Película que estuvo nominada a 4 Oscar pero que sólo ganó uno: a la de Mejor Actriz (Susan Sarandon). Quizá la película se puede hacer larga y un poco lenta, pero no deja de impresionar. Es emocionante y muy real. Los actores aportan lo suyo y el director hizo un estupendo trabajo. Se transmite la angustia por todos los lados, al igual que el odio acumulado. Pero se siente sobre todo el instinto de venganza que prevalece en la mente humana. Todo parece ser una cuestión de ojo por ojo. Sarandon se salió en la interpretación de la hermana Helen, dándole aroma a empatía terrible y a un alegato por la vida más allá de los crímenes del pasado. El espectador, sin querer, se somete a juicio, y debe tomar partido, no es cuestión de ver y de disfrutar, se trata de entrar en la historia y tomar elección. Decidir sobre qué lado se está y sobre qué lado se siente.

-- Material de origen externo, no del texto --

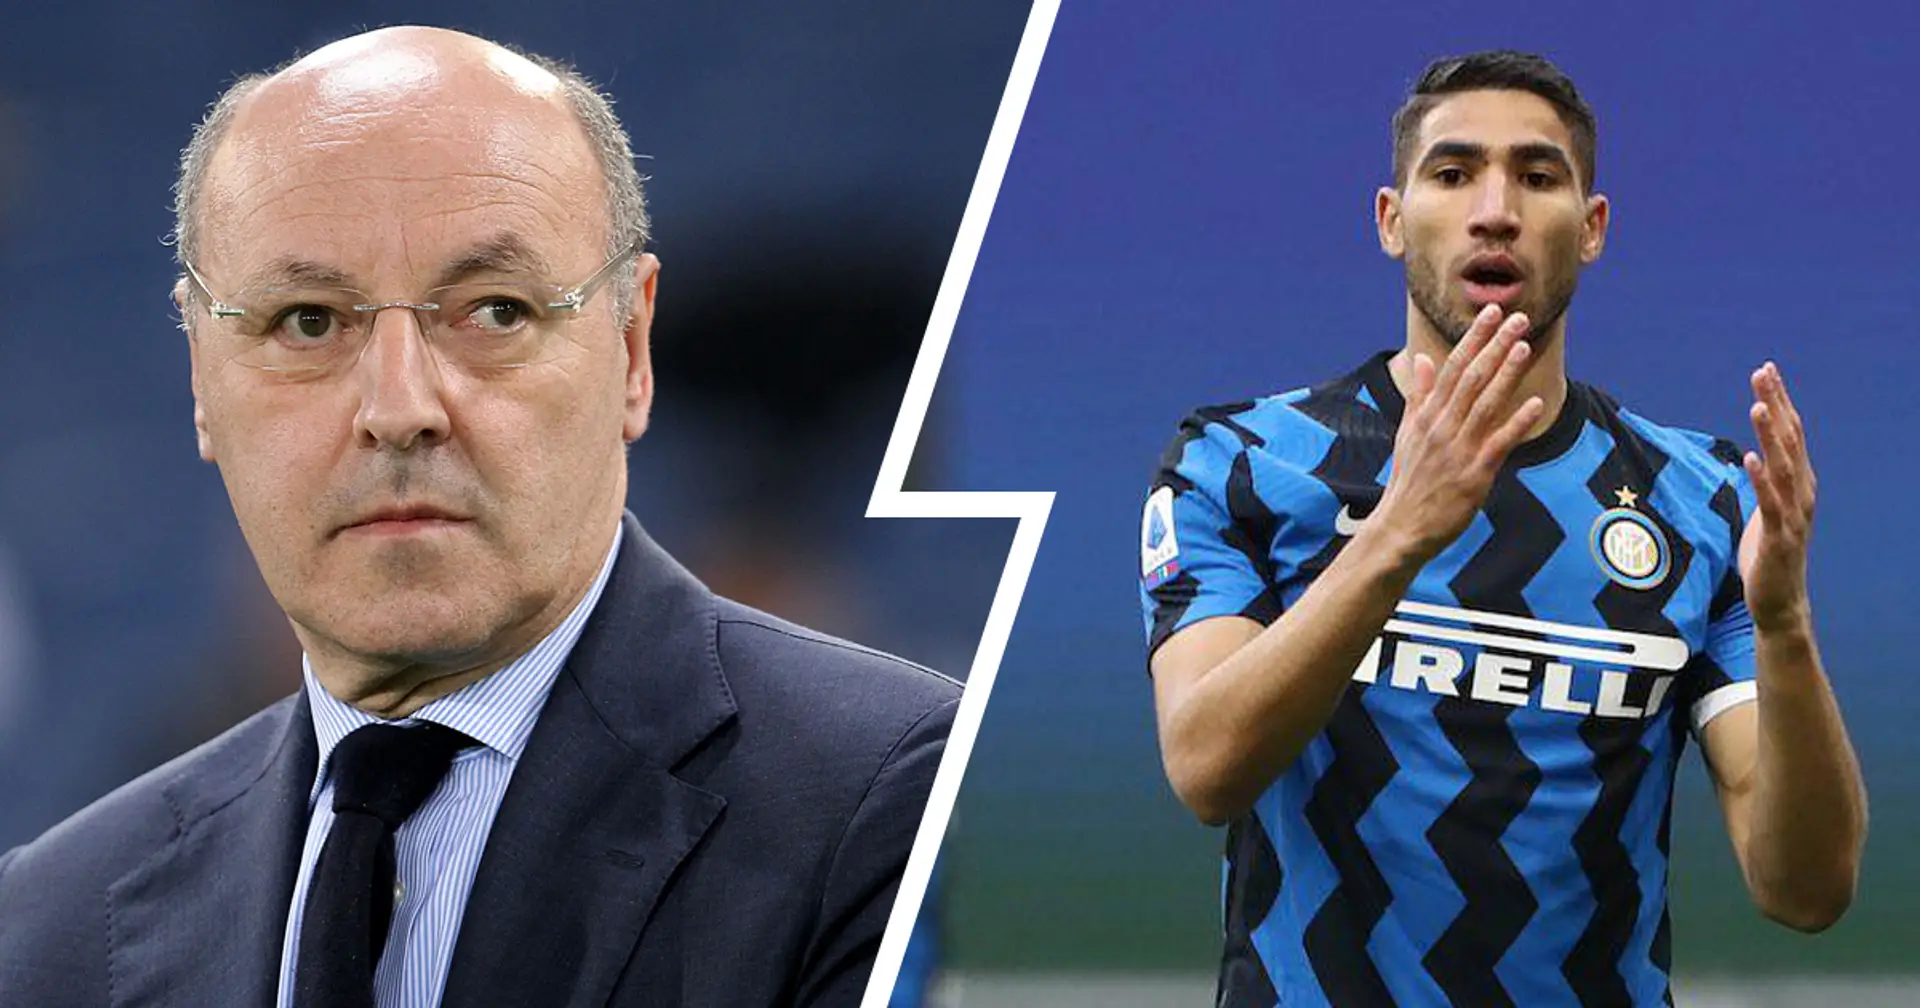 La cessione di Hakimi al PSG avrà un effetto sgradito all'Inter: Marotta deve rivedere i piani sul mercato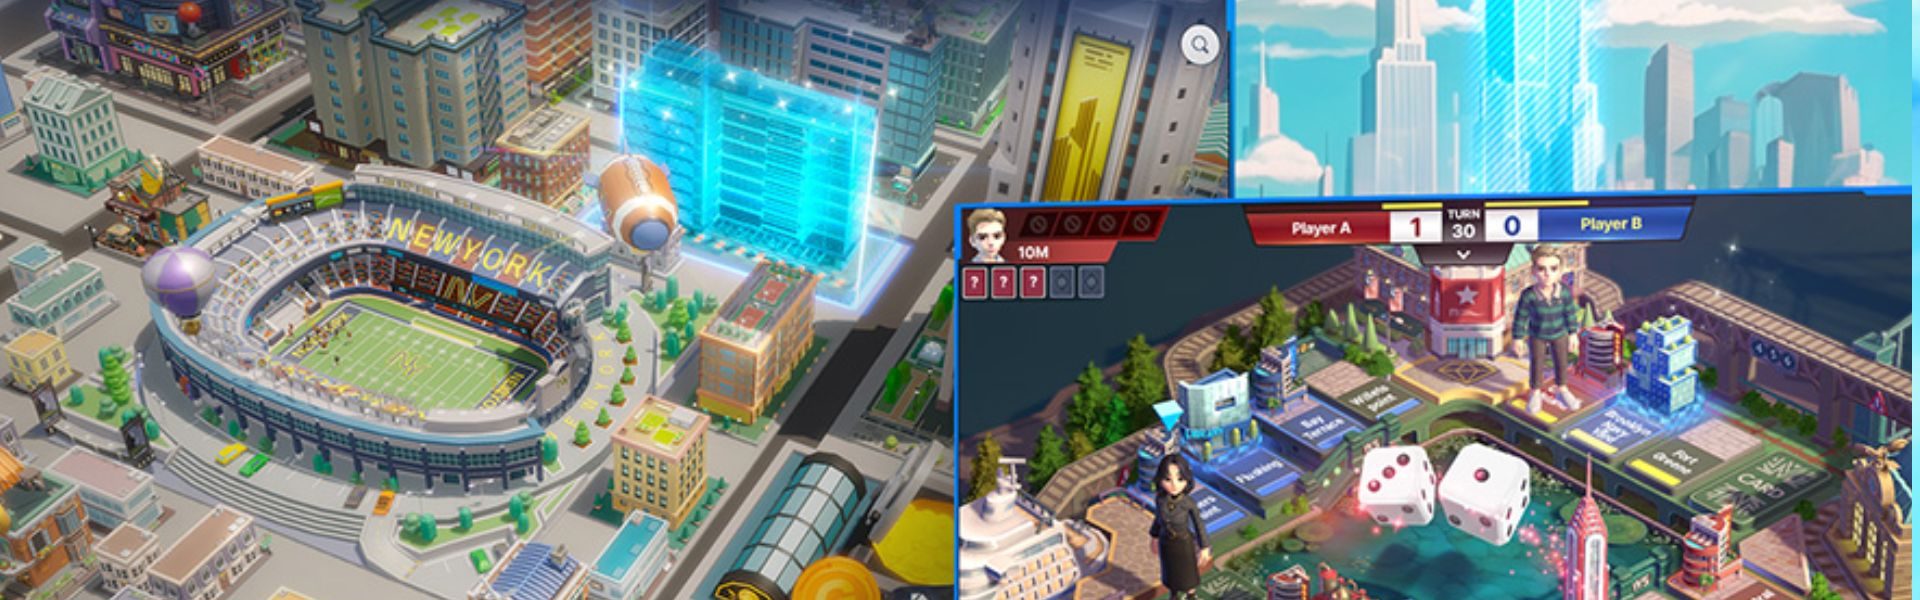 Meta World: My City to gra planszowa z Metaverse, cokolwiek to znaczy

Todos sufren. Nadie se salva del rencor, de la angustia y de la tristeza. Una historia dura que nos hace reflexionar sin duda sobre un hecho que anida todavía en muchos países del mundo. La ira humana que ataca la tolerancia, la ternura y el perdón. Porque también trata del perdón. Y no saber perdonar consigue que la angustia perdure con el paso de los años. Arrepentirse también forma parte del juego. Por lo menos el que se arrepiente salva el alma, aunque luego pueda ser ejecutado. Parece que la conclusión es conseguir la paz espiritual, sobre todo consigo mismo, se esté del lado que sea. Una película inteligente, sensible y abierta a opinión. Que se deja ver, escuchar y pensar.